Among the complex challenges as economies around the world slowly re-open, is the process of how to successfully secure workforce re-integration. Ensuring employee safety and well-being, meeting business performance expectations and protecting corporate reputation, are key elements in this process – and United Minds (a Weber Shandwick management consultancy) is helping businesses recover from the impact of COVID-19, via their Workforce Re-entry specialty.

United Minds, Weber Shandwick’s management consultancy specialising in organisational transformation, announced a new Workforce Re-entry offering to help CCOs, CHROs, pandemic response leads and their teams re-set and re-integrate employees into the workplace as businesses recover from the impact of COVID-19.

Leaders face multi-dimensional and complex challenges as economies around the world re-open. In the UAE, where remote working was activated in March for all but essential employees, offices are now preparing for a gradual, scaled return while ensuring employee safety and well-being, meeting business performance expectations and protecting corporate reputation.

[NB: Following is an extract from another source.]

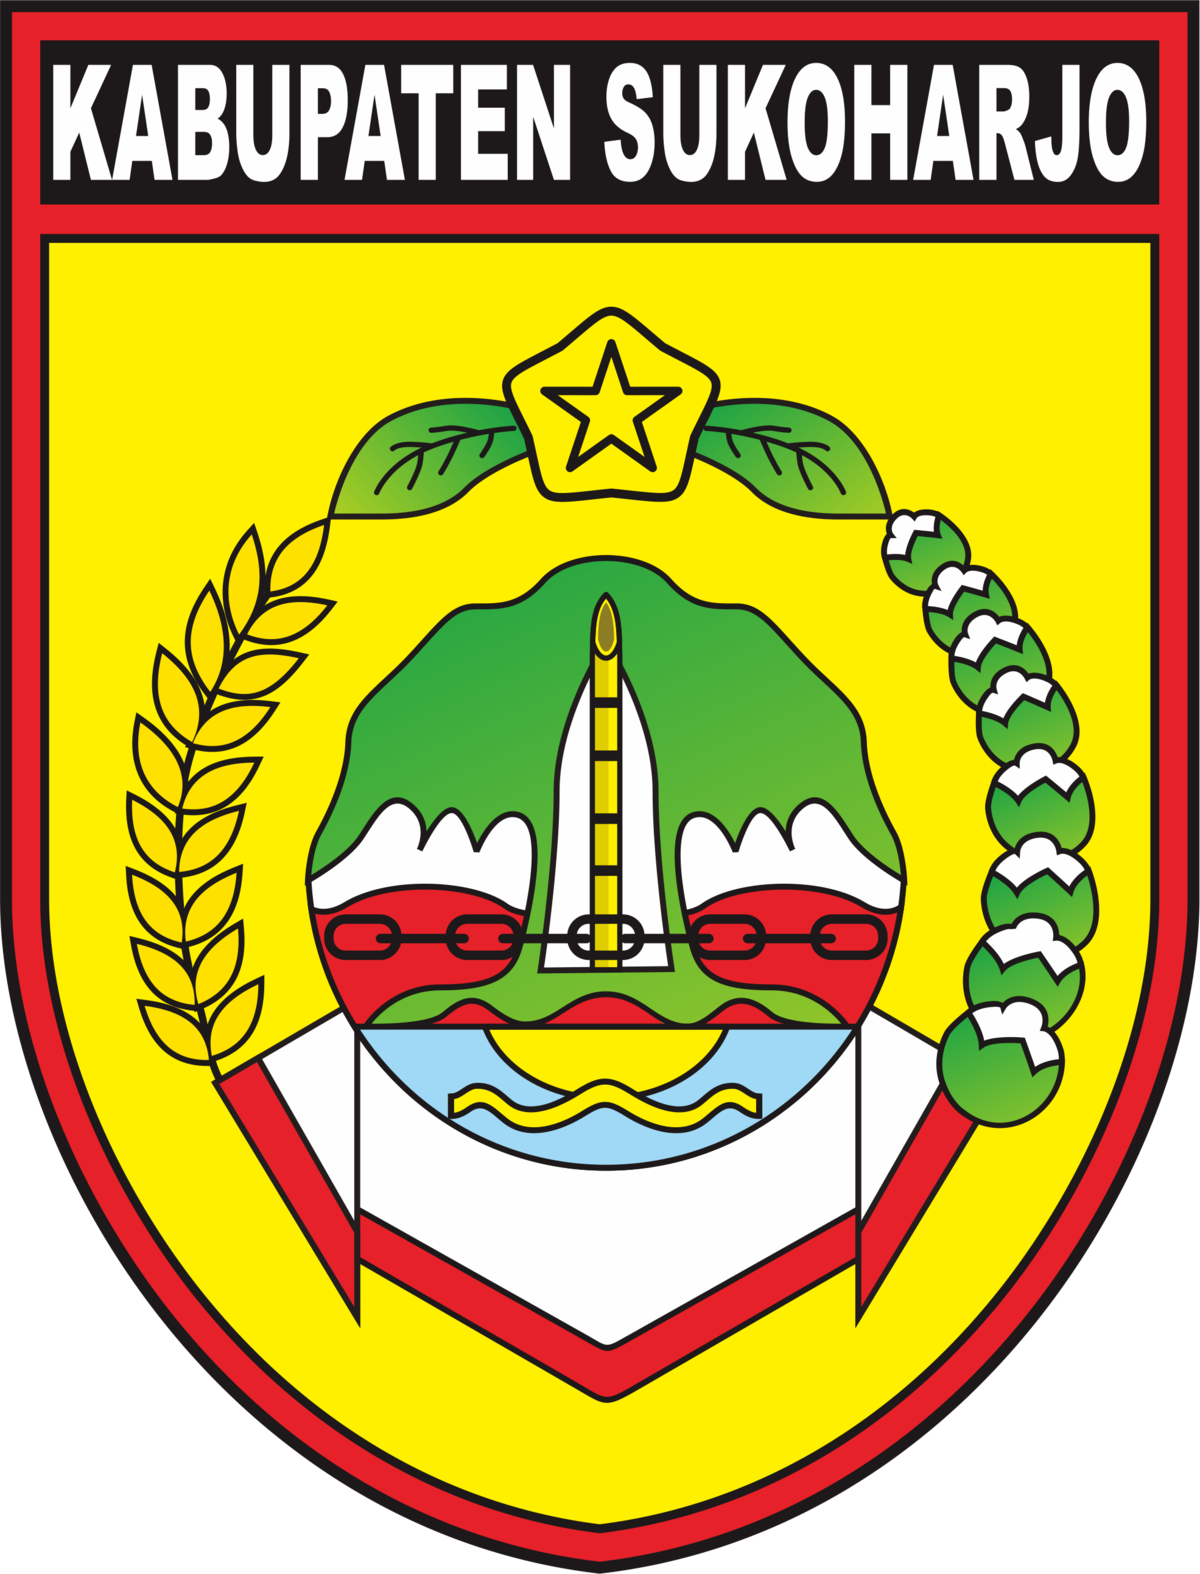 Kabupaten Sukoharjo Wikipedia Bahasa Indonesia Ensiklopedia Bebas Makam Ki Ageng

According to a recent report from KRC Research, while nearly 80 per cent of American employees are proud of their employers’ response to the outbreak and believe they are prioritising safety, only six per cent would trust their employers to determine when it is safe to bring them back to work. Further, 80 per cent of consumers would prefer to buy from companies who treated employees well through the outbreak – illustrating the connection between managing re-entry well and long-term business value.

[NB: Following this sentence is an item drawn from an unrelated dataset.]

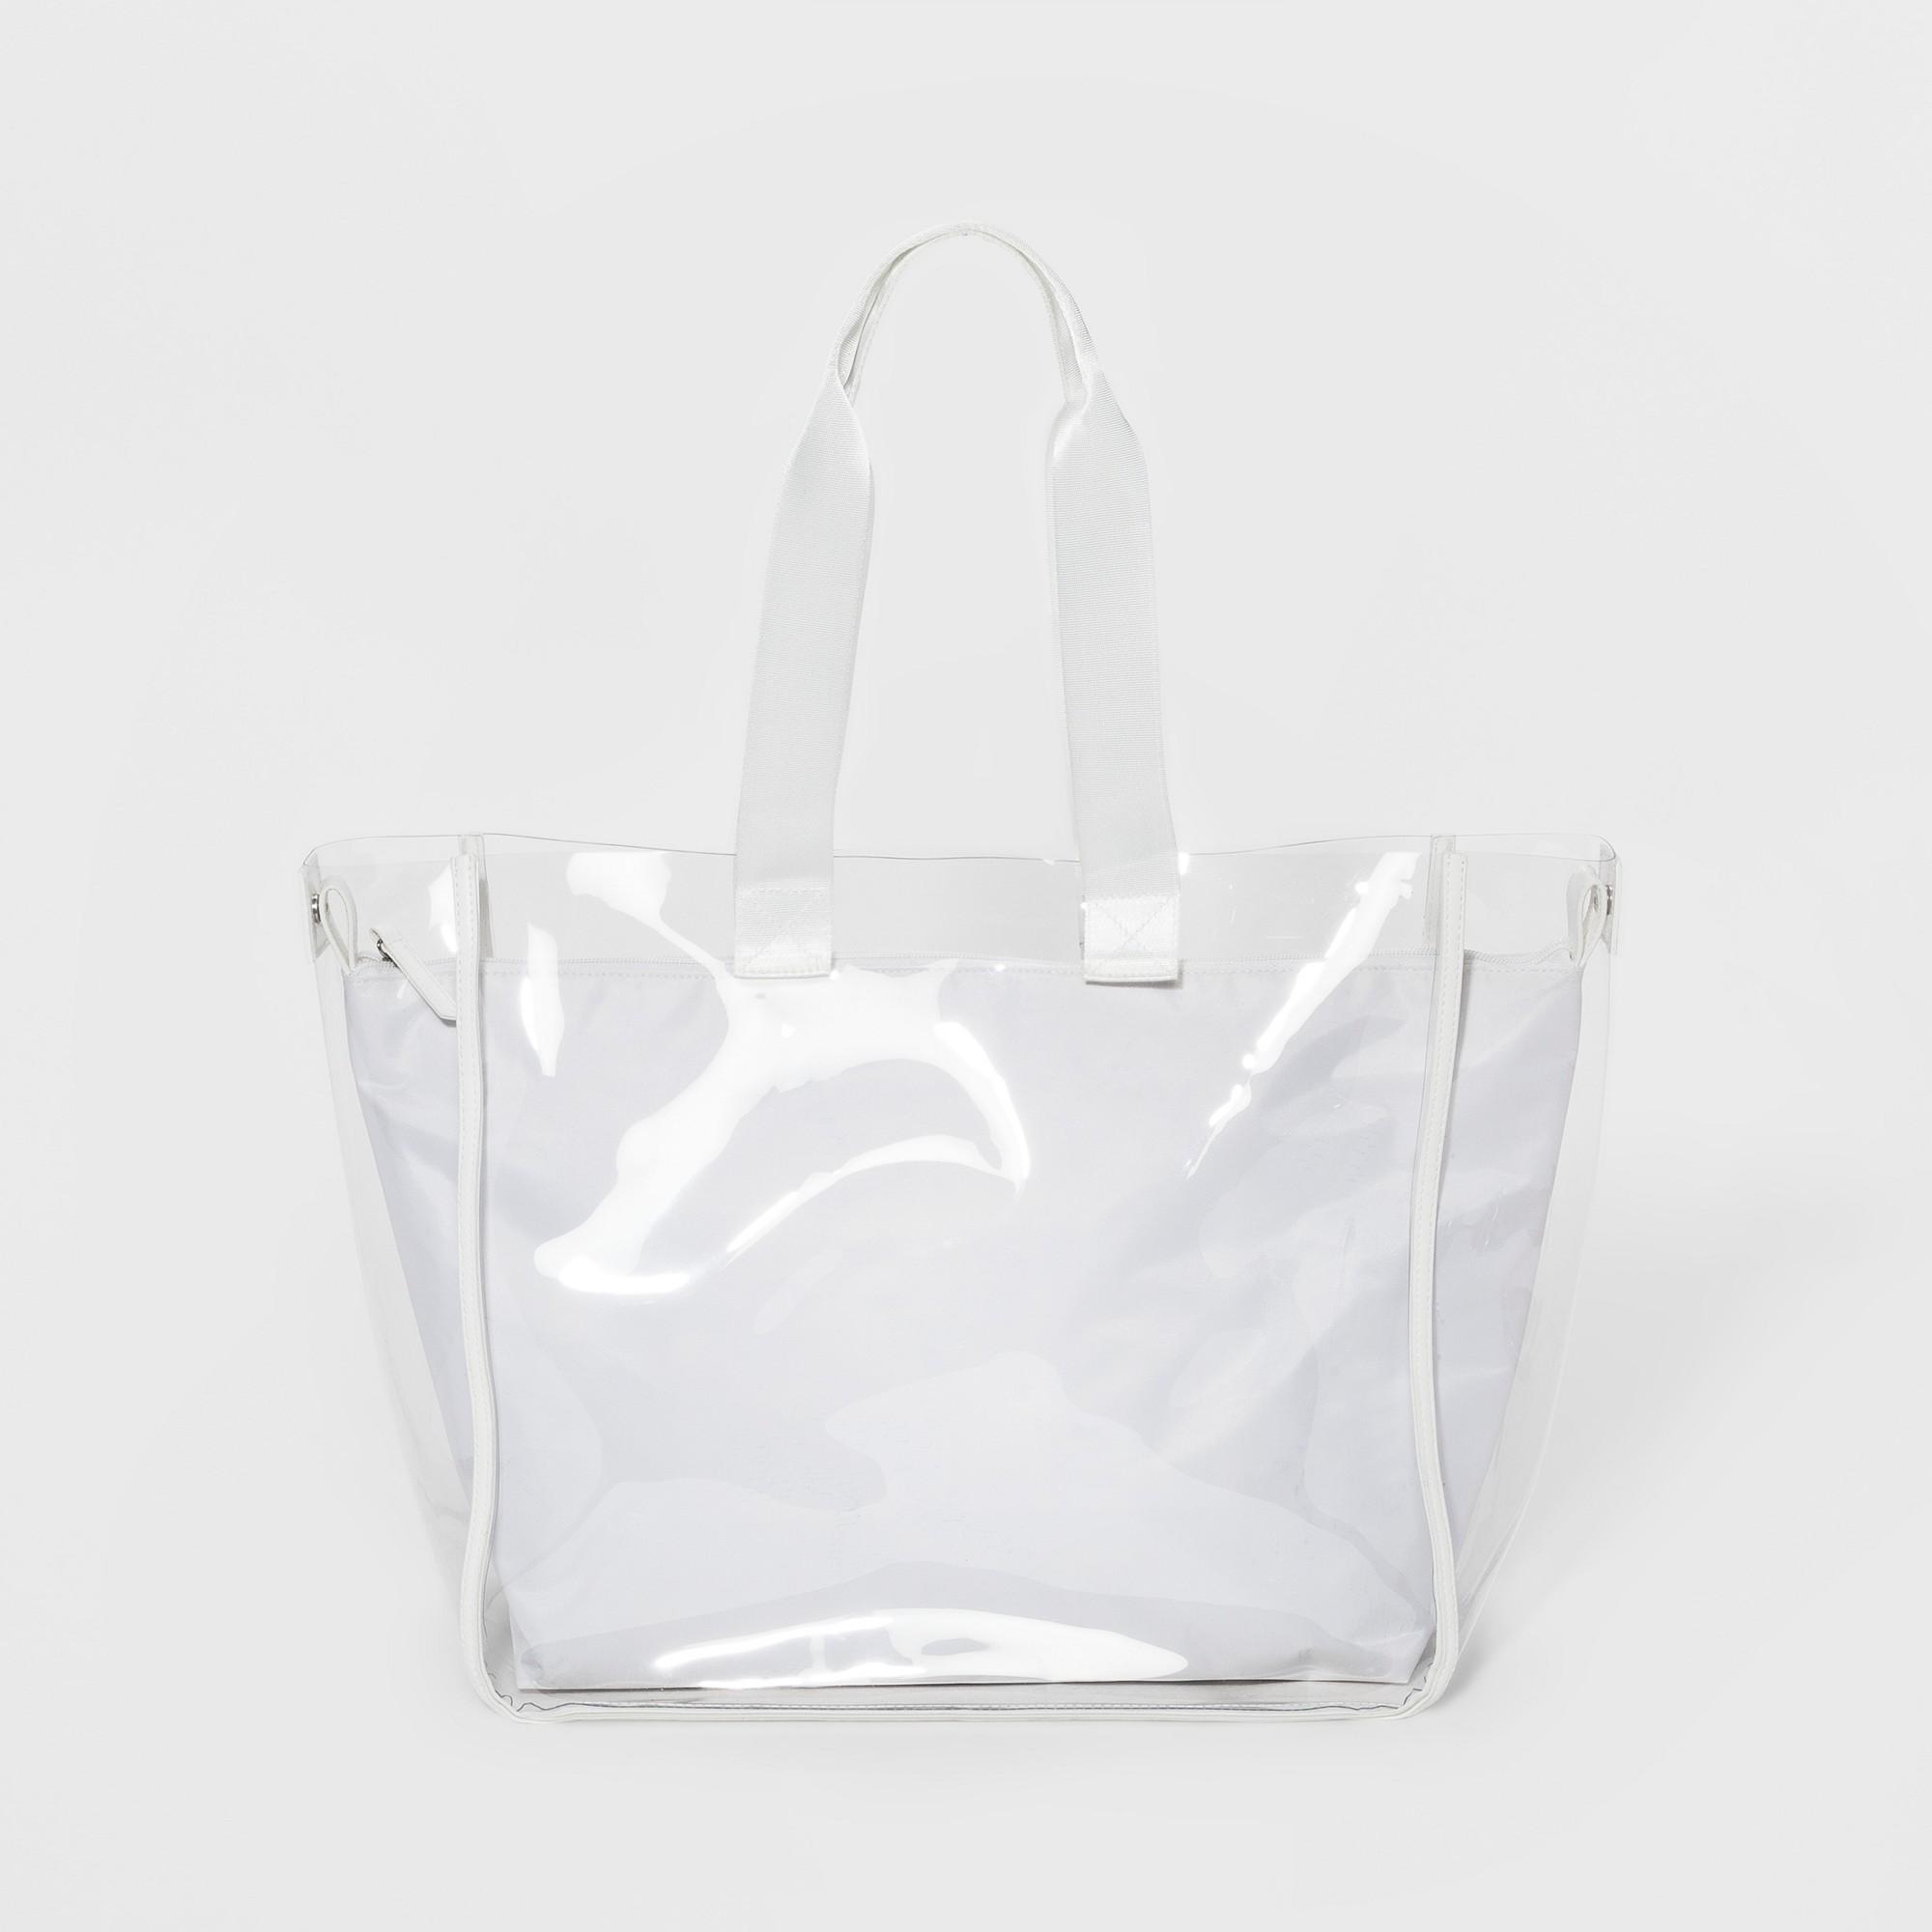 f60e5a7ae5 Keep A Secret Jelly Tote Handbag - Mossimo Supply Co. Clear ...

“Employees are the number one stakeholder for companies today. Being treated with care as they return to the workplace is paramount, and, we believe, a predictor of near-term and long-term success,” said Kate Bullinger, president, United Minds.

Ziad Hasbani, Weber Shandwick’s regional CEO for the Middle East, North Africa and Turkey, agreed that a humanized approach is key. “There may be differences in the satisfaction and challenges that employees have experienced while away from a physical office environment, so compassion is crucial while rebuilding confidence and continued resilience.”

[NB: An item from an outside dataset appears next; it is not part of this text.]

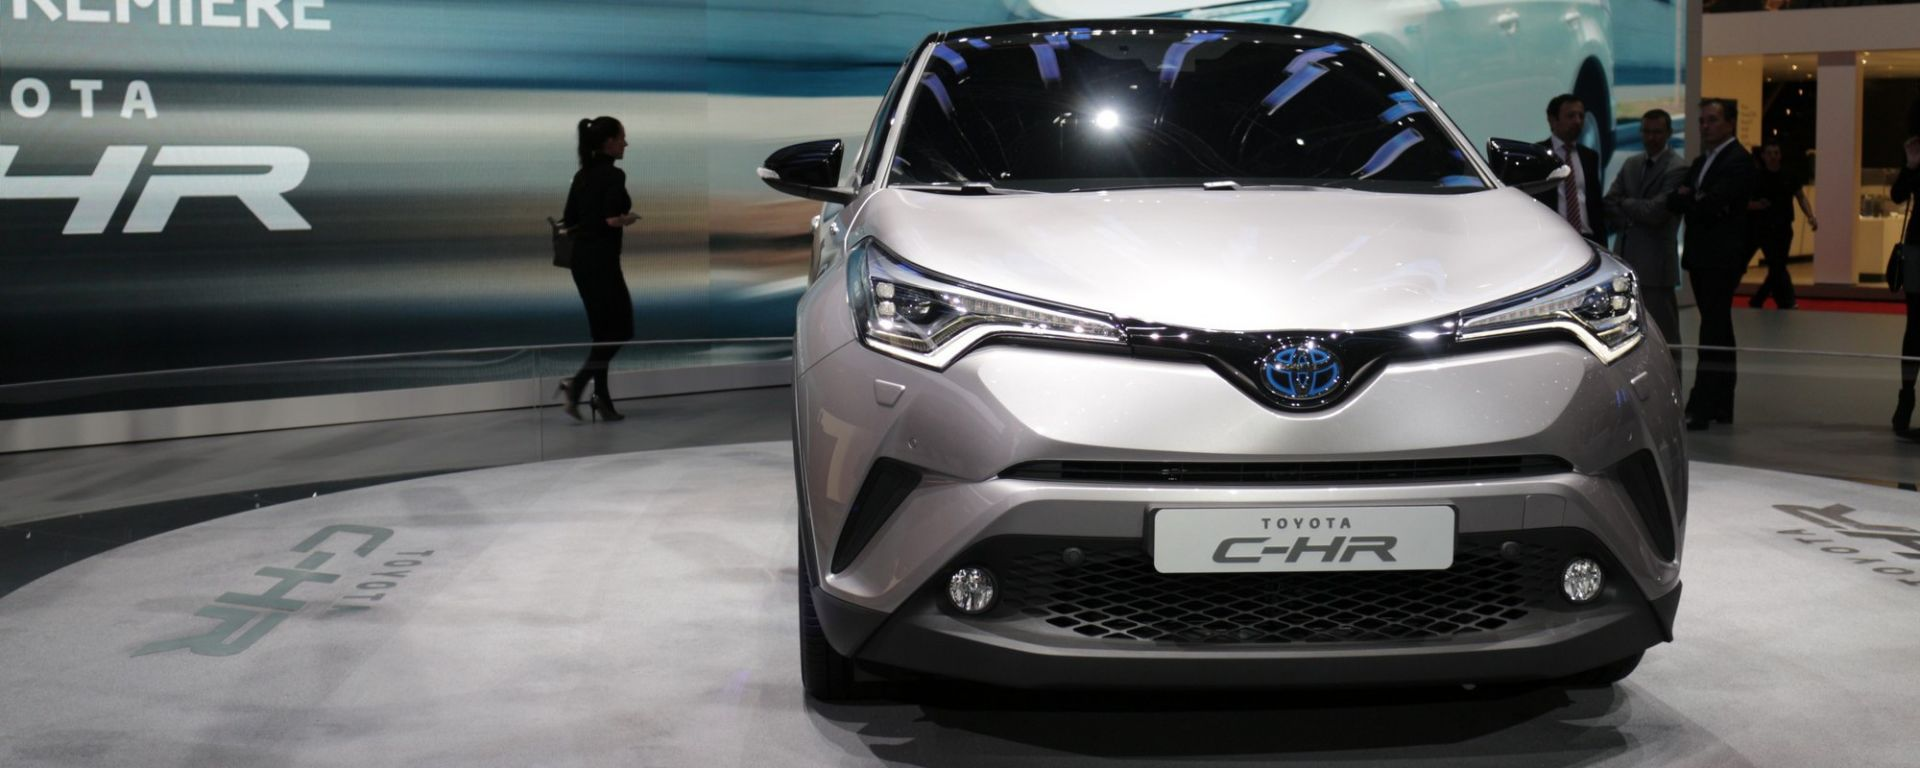 Ginevra 2016 - Notizie dalle Case: Toyota

As curves begin to flatten and companies shift from responding to the initial threat of the COVID-19 crisis, they are preparing to gradually scale up operations. However, they face uncertainty on many levels: the lack of a vaccine or widespread immunity, evolving and conflicting local government and public health guidelines, as well as needs specific to their own employee population.

Workforce Re-entry provides customised re-entry planning for clients, leveraging expertise from within the Weber Shandwick ecosystem of brands as well as outside advisors to guide decision-making. It includes corporate reputation and crisis communications from Weber Shandwick, science-based communications strategy from Element Scientific Communications, employee engagement and organisational change from United Minds and public affairs counsel from Powell Tate. The specialty also includes external experts such as leading epidemiologists, physicians and thought leaders on resiliency, public policy and human resources.

Beyond planning, Workforce Re-entry provides end-to-end execution support throughout the re-entry process including leadership alignment, safety and well-being counsel, employee activism preparedness and workplace design. Additionally, United Minds offers a broader suite of COVID-related guidance, including remote working best practices, post-pandemic retrospective and reinvention road mapping, leader and workforce resilience and cultural vigilance.

“Re-entry provides employers an opportunity to accelerate progress and recommit to their core values and purpose. They should not be thinking about going back to work, but rather forward to work,” said Micho Spring, global chair, Corporate, Weber Shandwick.